## Instructions for the task:
Write the listing out again exactly as it stands, with no images.

## The data:
'''

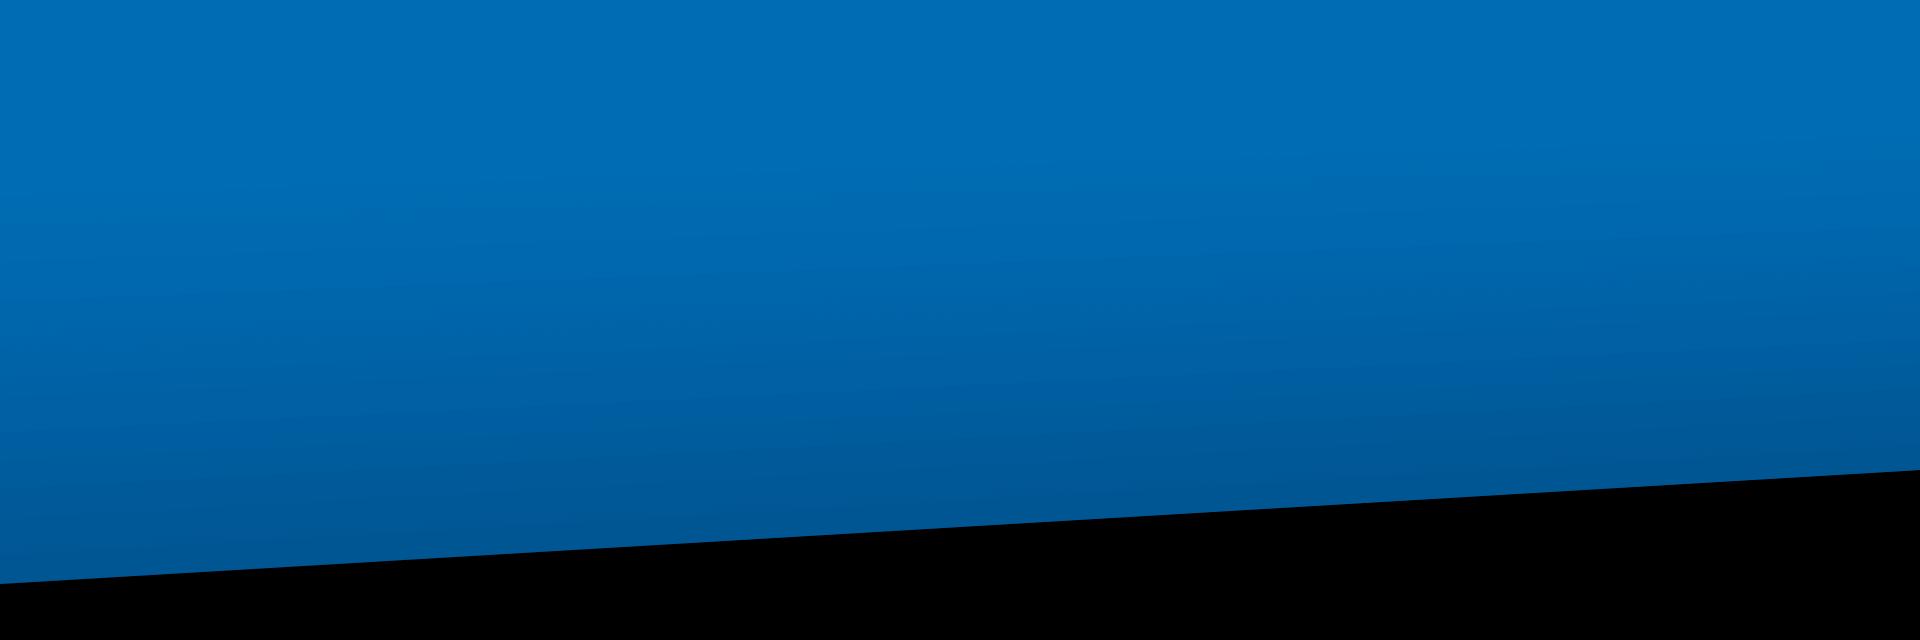 pegamento de contacto vl 2000 franja azul - PEGAMENTO BLANCO
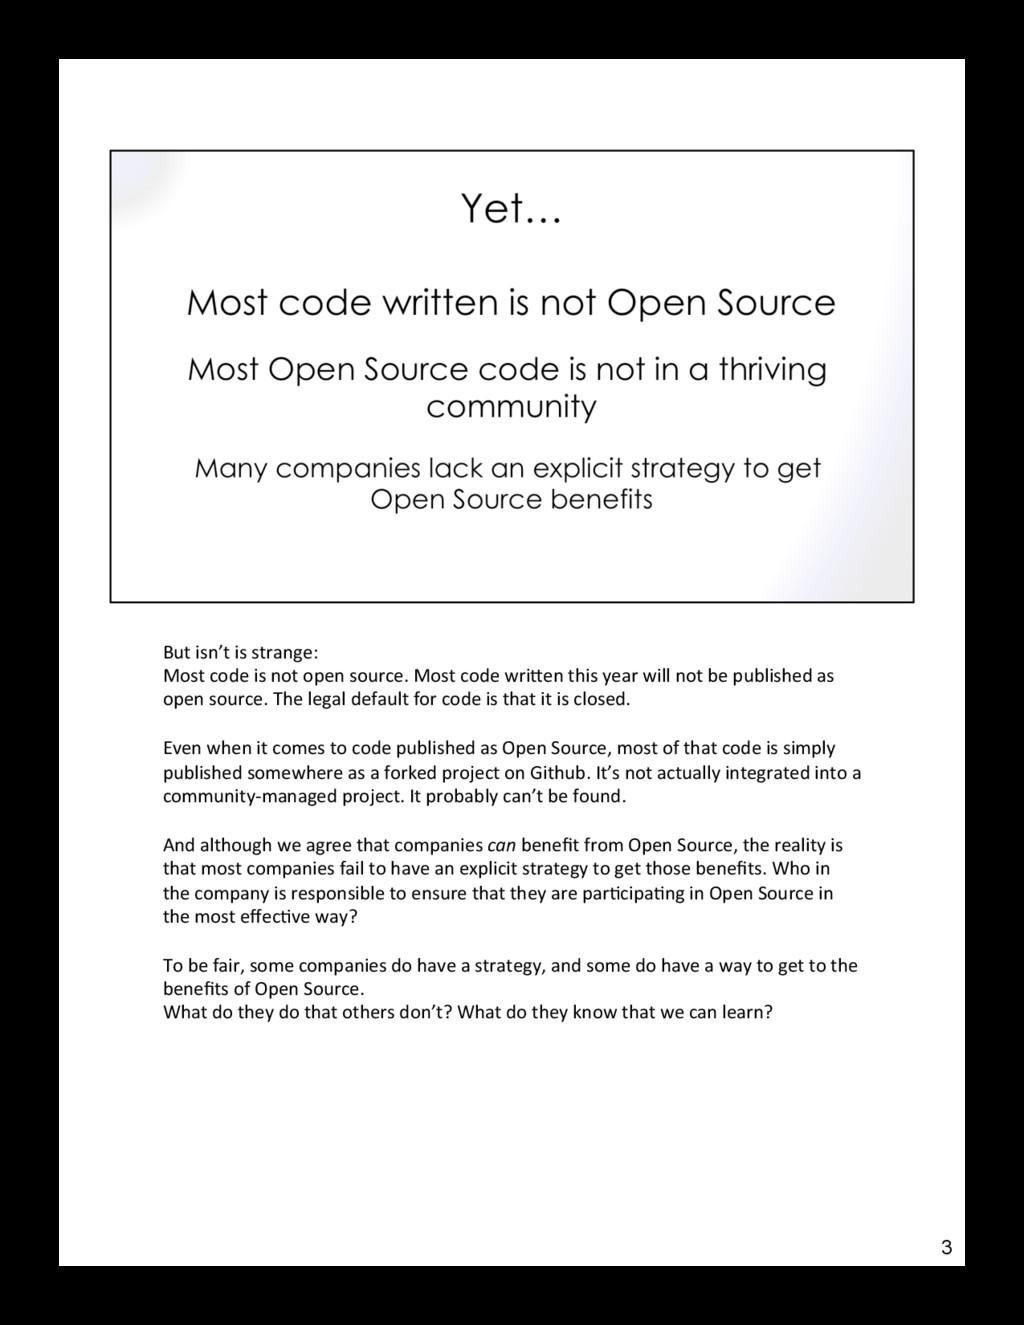 But isn't is strange: Most code is not open sou...
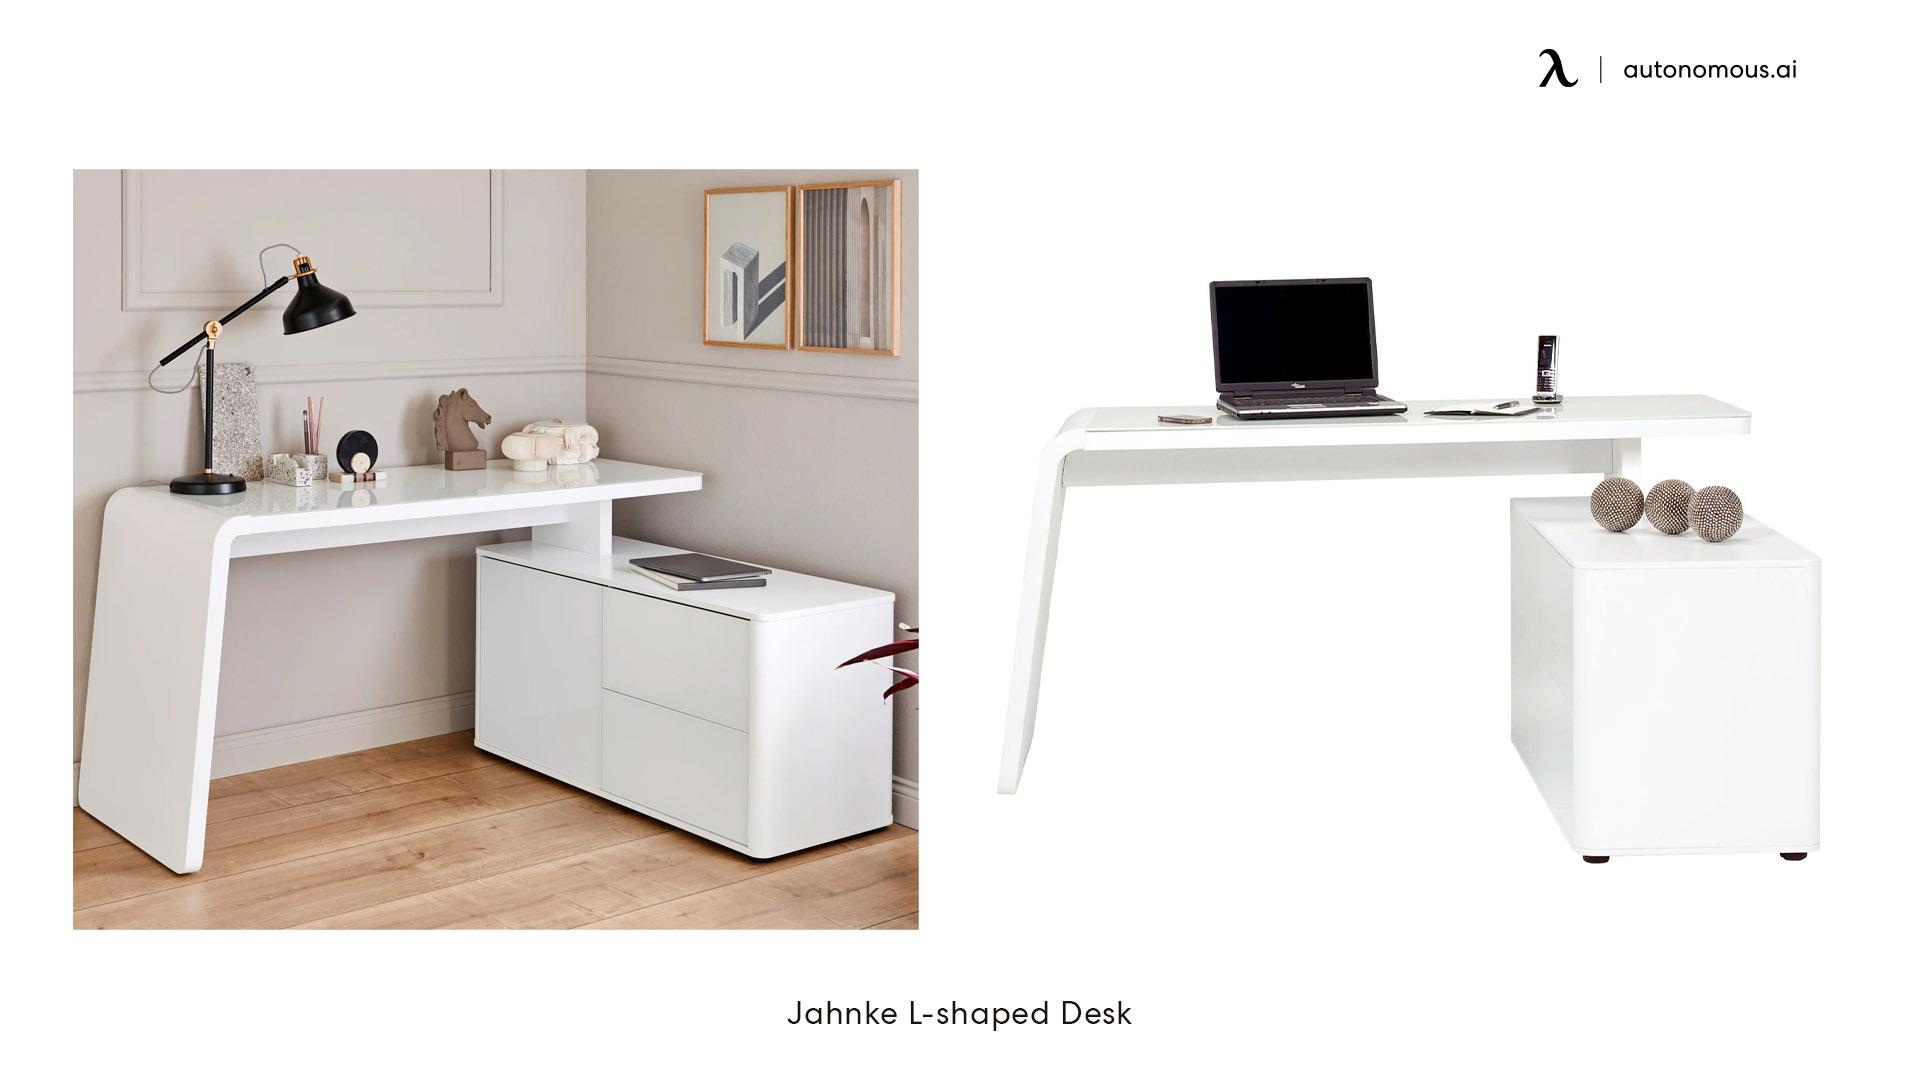 Jahnke L-shaped Desk
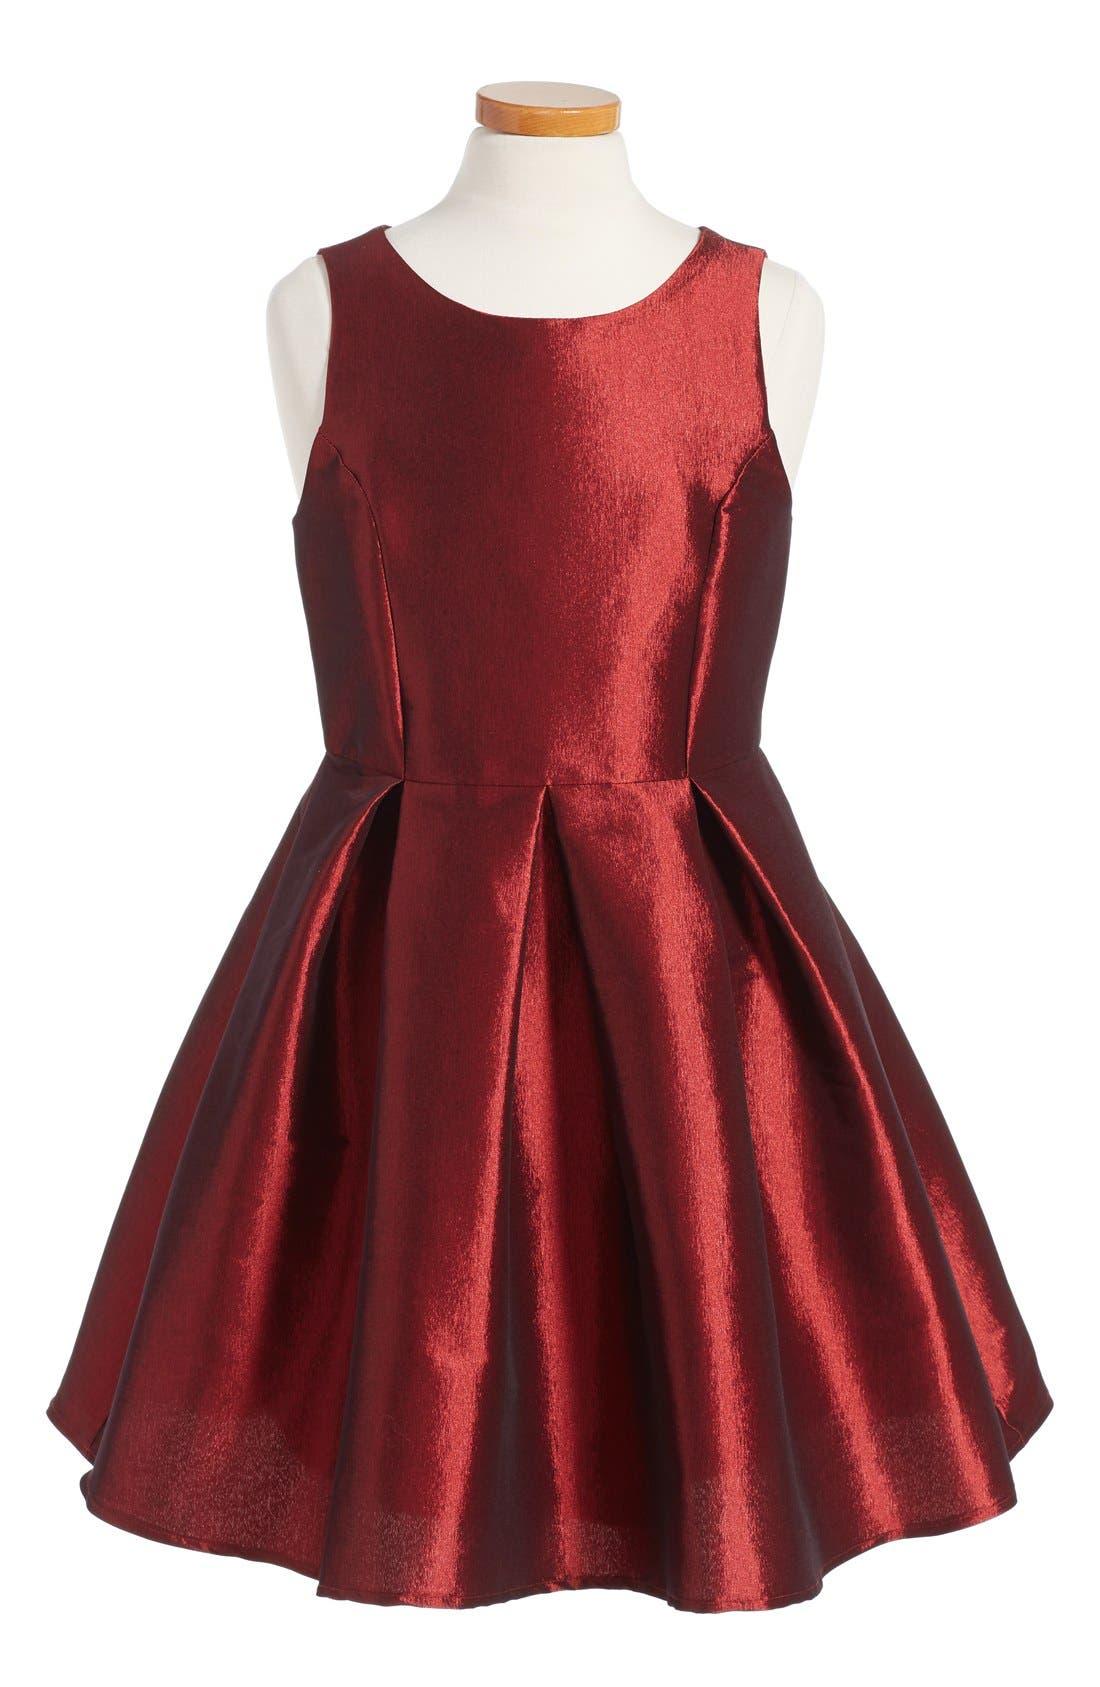 Alternate Image 1 Selected - Soprano Sleeveless Skater Dress (Big Girls)

'''

## Response area:
 pegamento de contacto vl 2000 franja azul - PEGAMENTO BLANCO
 But isn't is strange: Most code is not open sou...
 Jahnke L-shaped Desk
 Alternate Image 1 Selected - Soprano Sleeveless Skater Dress (Big Girls)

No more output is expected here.